In some ways, it appears a dark cloud has hovered over U.S. business schools. Some business students have begun to question whether the United States is still the gold standard in business education. Business educators around the United States, and in Minnesota, have felt the effects on many levels.

Though U.S. citizens still overwhelmingly choose to study at home, last year about 4,500 people, or 1.5 percent of Americans who took the GMAT, sent their scores to schools outside the country, according to the Graduate Management Admission Council. Wilson considers this number significant.

“People have become more global in their outlook,” Wilson says, noting that there are now quality business programs offered around the world. “In 2006, prospective MBA students have many good options outside of the United States.”

 

MBA Worldview

The United States—the birthplace of the MBA—still leads the world in business education, with more business schools and MBA students than the rest of the world combined. But foreign business education and MBA programs at schools in France, the United Kingdom, Hong Kong, Singapore, the Netherlands, Costa Rica, and Australia, among other nations, have gained reputation and resources, and top U.S. business schools now have significant competition overseas.

INSEAD, a graduate business school based in Fontainebleau, France, is a good example of the international competition, says Michael Houston, associate dean of international programs at the University of Minnesota’s Carlson School of Management. INSEAD, which has a sister campus in Singapore and a resources partnership with Wharton in Philadelphia, has 144 faculty members, 870 MBA students, and 71 PhD students, according to the school’s Web site.
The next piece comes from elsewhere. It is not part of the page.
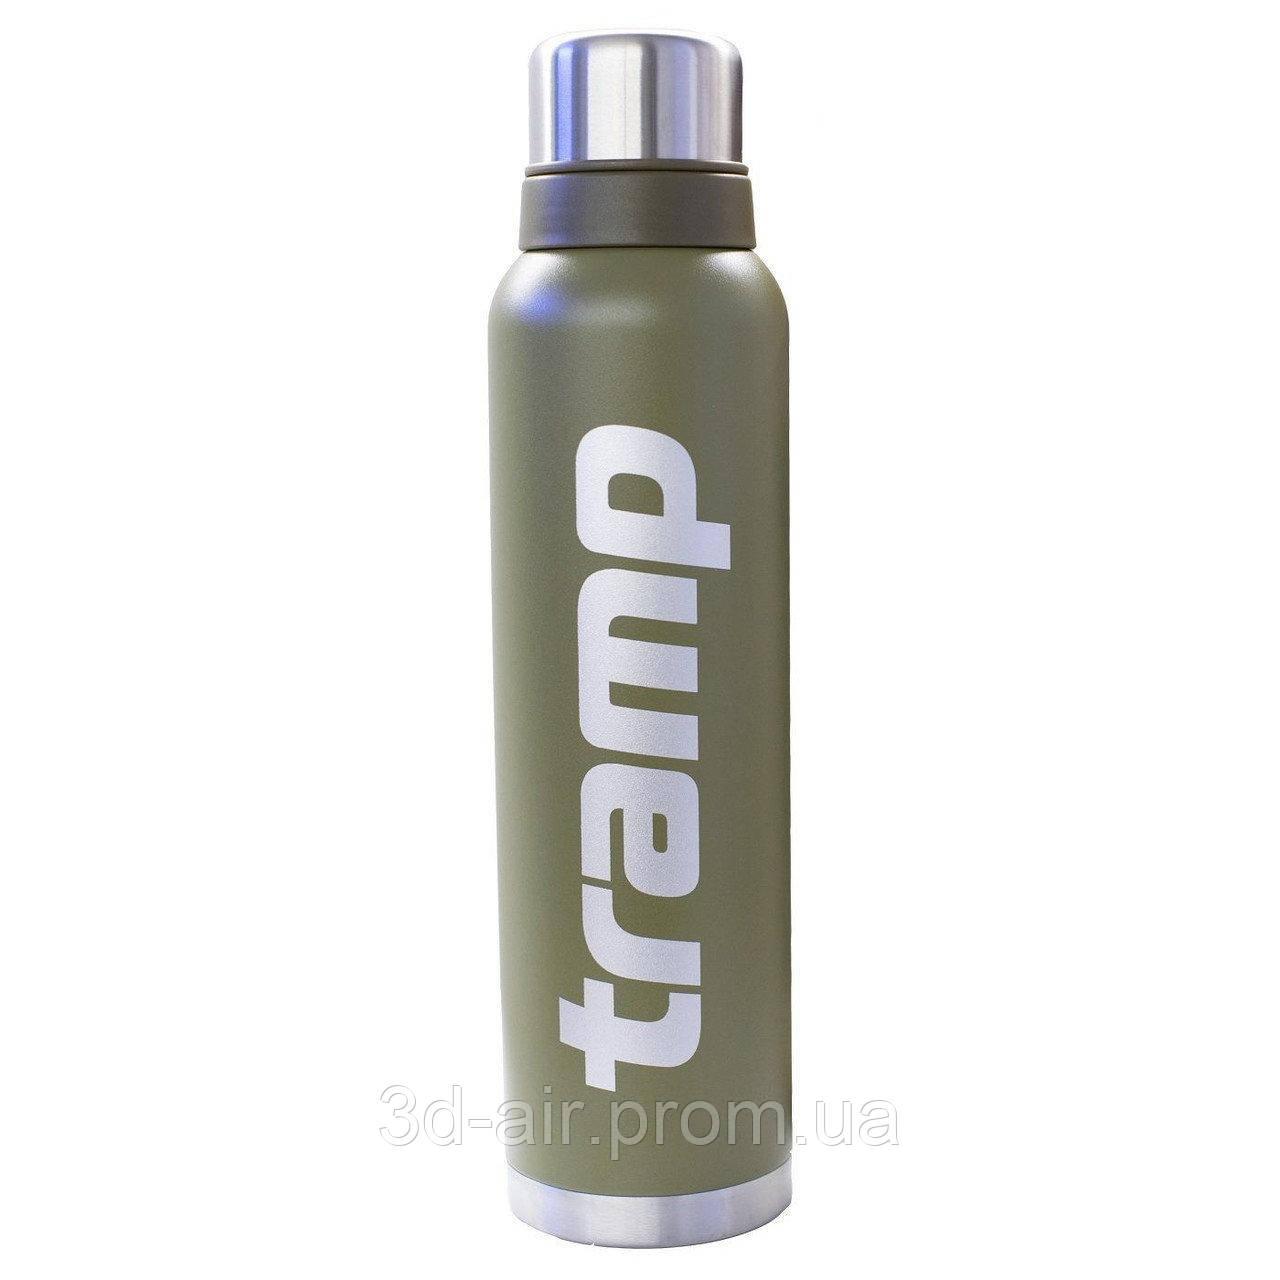 Tramp Термос 1,6 л TRC-029 olive

In all, students and faculty come from more than 75 countries, and INSEAD calls itself “one of the world’s leading and largest graduate business schools.”
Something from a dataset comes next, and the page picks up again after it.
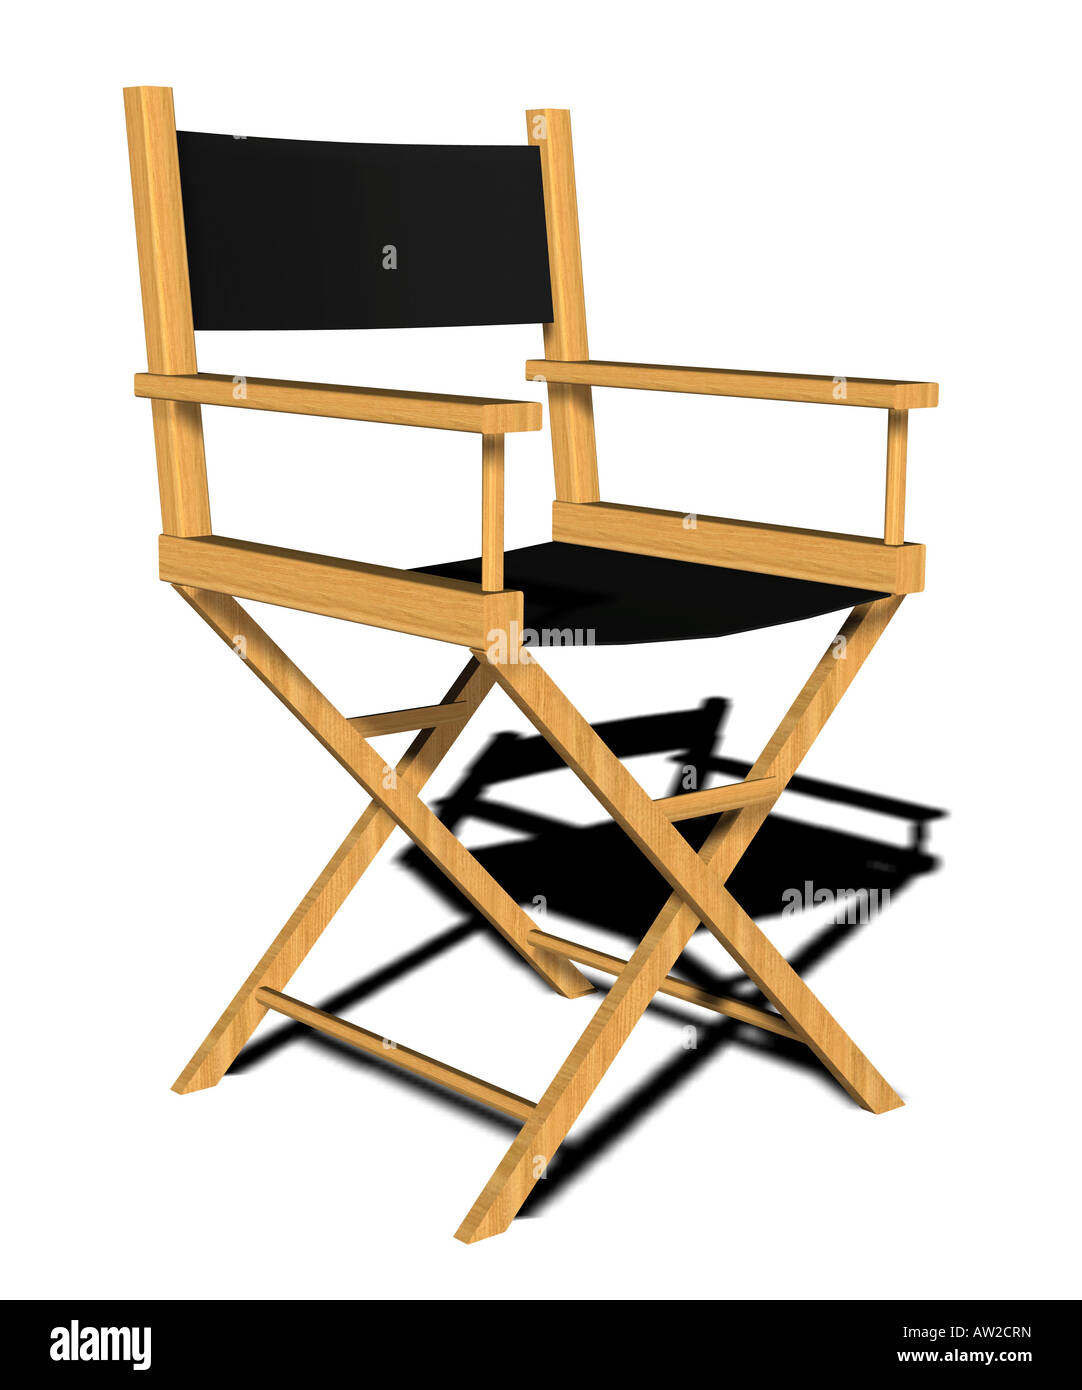 directors chair - Stock Image

Among other international schools, Houston notes the Australian Graduate School of Management in Sydney, ESADE in Barcelona, and Costa Rica’s Incae Business School as foreign schools that have increased enrollment in the past five years. “And this is just the start,” Houston says.
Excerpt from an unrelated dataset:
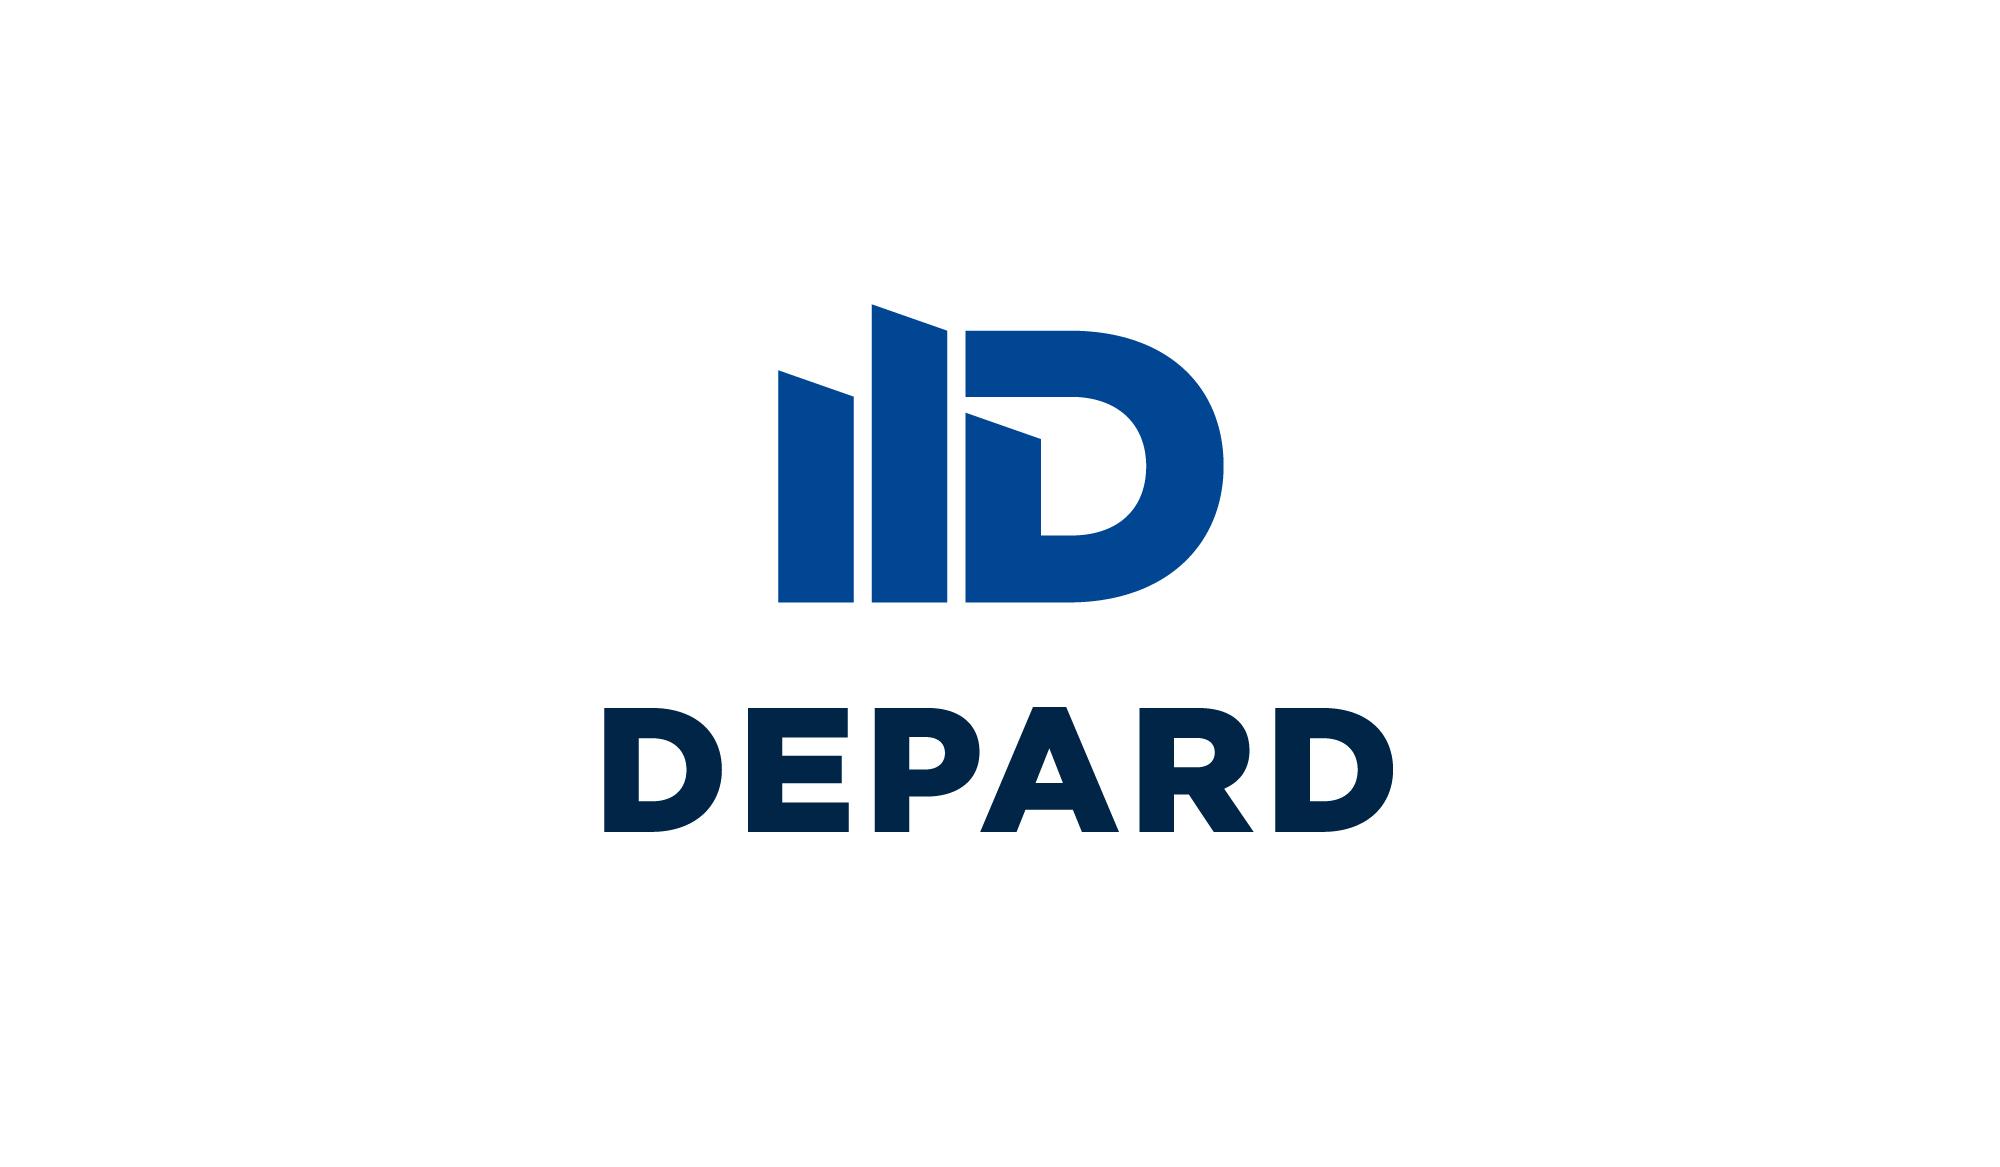 Логотип для компании (услуги недвижимость) фото f_0365932b886a617a.jpg

In addition, a large percentage of students from Germany, Greece, China, Pakistan, France, and Canada now look beyond the United States for their MBA, Wilson says. Interest among Western Europeans in studying in the United States decreased dramatically from 2000 to 2004, with only 47 percent of the European test-takers sending their GMAT scores to U.S. schools in 2004, compared to 60 percent in 2000.

“Foreign schools have recognized a growing interest throughout the world for business education outside of the United States,” Houston says. “And many of the schools have increased their efforts to market themselves to these potential students.”